Sounds like it could be worn valve stem guides. Pondtunes situation sounds like a blown head gasket.


----------



## Tonymarucio (May 7, 2011)

So if the guides are worn it will only smoke once the machine warms up???


----------



## Tonymarucio (May 7, 2011)

The smoke comes out of the muffler pondtunes .


----------



## whoolieshop (Mar 22, 2011)

Tonymarucio said:


> So if the guides are worn it will only smoke once the machine warms up???



Hmmm.... No I would assume that it would smoke only on start up with worn valve guides due to oil seeping into the cylinder while it was parked. Smoking while warm would make me lean towards ring blowby, I could be completely off here.

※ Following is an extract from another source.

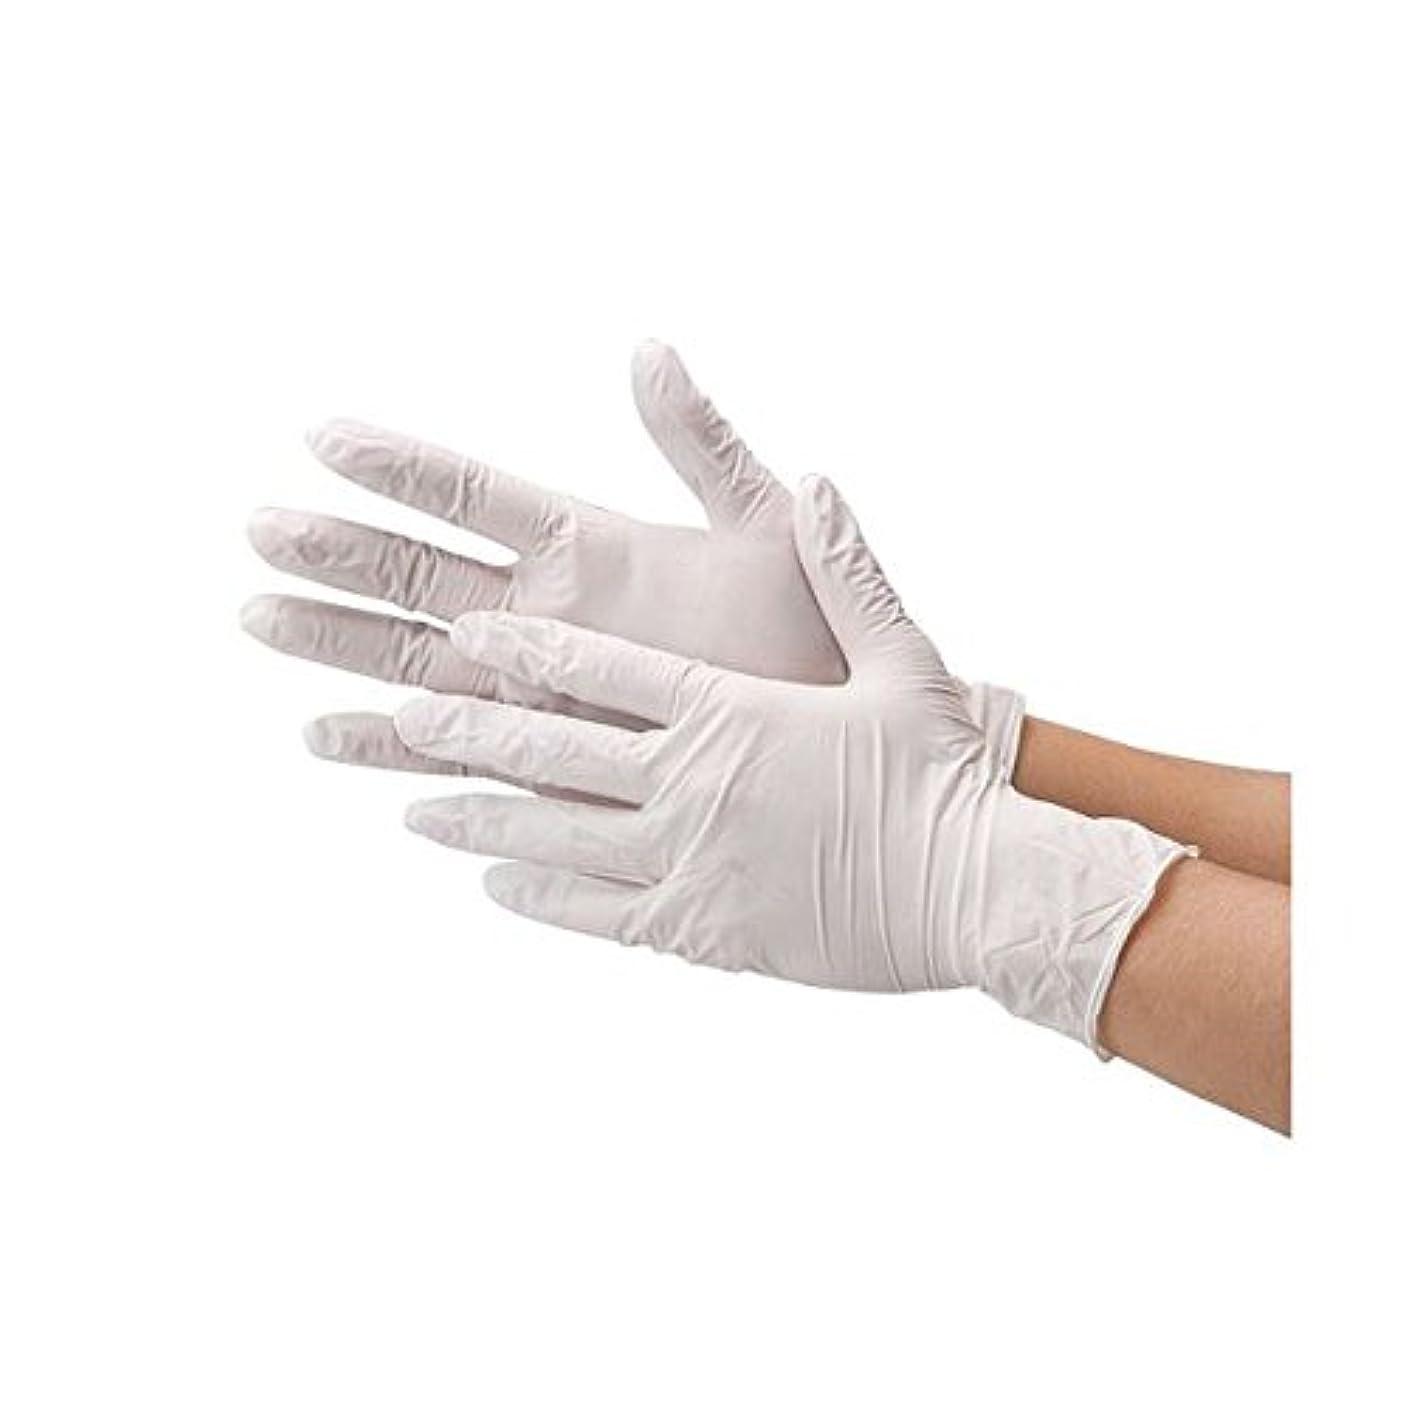 自慢中毒呼吸川西工業 ニトリル極薄手袋 粉なしホワイトS ダイエット 健康 衛生用品 その他の衛生用品 14067381 [並行輸入品]

As for my situation I assumed a head gasket too but it's since stopped doing it now that its warm outside, my smoke wasn't coming out of the tail pipe.


----------



## Tonymarucio (May 7, 2011)

Well will a compression test tell me rings??? I'm going to do one when I'm off work. And thanks guys for all the help so far


----------



## J2! (May 8, 2010)

Yes a compression test will tell you if it's the rings or not. When you pump it full of air, pull your dipstick out and put your thumb over the hole, if there is air coming out of the crankcase then you have a ring problem (it will buid up pressure), air coming out the exhaust or carbs, it's a valve problem. Hope this helps.


----------



## Madbrute (Dec 19, 2010)

A pluged crankcase vent tube will cause that also.


----------



## Tonymarucio (May 7, 2011)

Ok guys thanks it's not the crank case tube I feel it blowing think it's rings Ill have to do a comp test tomorrow cuz I have to make an attachment for my tester I will let you know guys.


----------



## Roboquad (Sep 8, 2009)

OK... so you had* no* blue smoke on your first time around._ *white*_ smoke only. this would lead me to believe you mis installed something when the bike went back together.the tubes where the oil meets the cams have rubber seals and could have not made it all the way, the gasket could be wrong or up side down. Piston would catch on the edge.(happened to me) the rings may have been bumped where the gaps are all on the same side. Not major but your gonna have to pull the heads again. I would also suggest a light coat of copper coat for your next set of new gaskets. be sure it does not come back. check each pipe to see which has oil in it and work your way back from there...


----------



## Tonymarucio (May 7, 2011)

k i did use copper coat on them i will do just that dude after my comp test thanks roboquad


----------



## Tonymarucio (May 7, 2011)

So I did a comp test today and it's 50 psi rear and 55 front that's within the speck so any ideas guys???


----------



## Tonymarucio (May 7, 2011)

F' it lol it's comming apart tomorrow


----------



## Roboquad (Sep 8, 2009)

You will prob be pizzeded to find something so easy went wrong, also check for a split ring. Sounds like the front to me. Let us know...pics .....


----------



## Tonymarucio (May 7, 2011)

Ok dude thanks alot she's comming apart once I'm off work I will keep you guys posted and I'll post up pics of what I find thanks again


----------



## swampthing (May 2, 2010)

Hey Tony, nice to see ya here at MIMB. I'd like to know what the **** is happenin with it also...I'm out of ideas..Where are the mods?? nmkawierider or phreebsd could probably give more help. Good luck pal n let us know


----------



## Tonymarucio (May 7, 2011)

[email protected] other then that all stock bro if my valves are not adjusted right can it smoke when it warms up???


----------



## NMKawierider (Apr 11, 2009)

Sounds more like a ring problem to me. Either stuck or broken. Or a scare in a cylinder.


----------



## Tonymarucio (May 7, 2011)

So I have a few scares in my cylinder not to bad though so how "deep" is too deep on scaring


----------



## Tonymarucio (May 7, 2011)




----------



## NMKawierider (Apr 11, 2009)

I see some pretty bad scares in the third pic. Remember the rings do not seal those. They are trenches to either site of the rings that fill with oil on every stroke....but..by themselves, they shouldn't make enough to hardly see..but definite oil loss.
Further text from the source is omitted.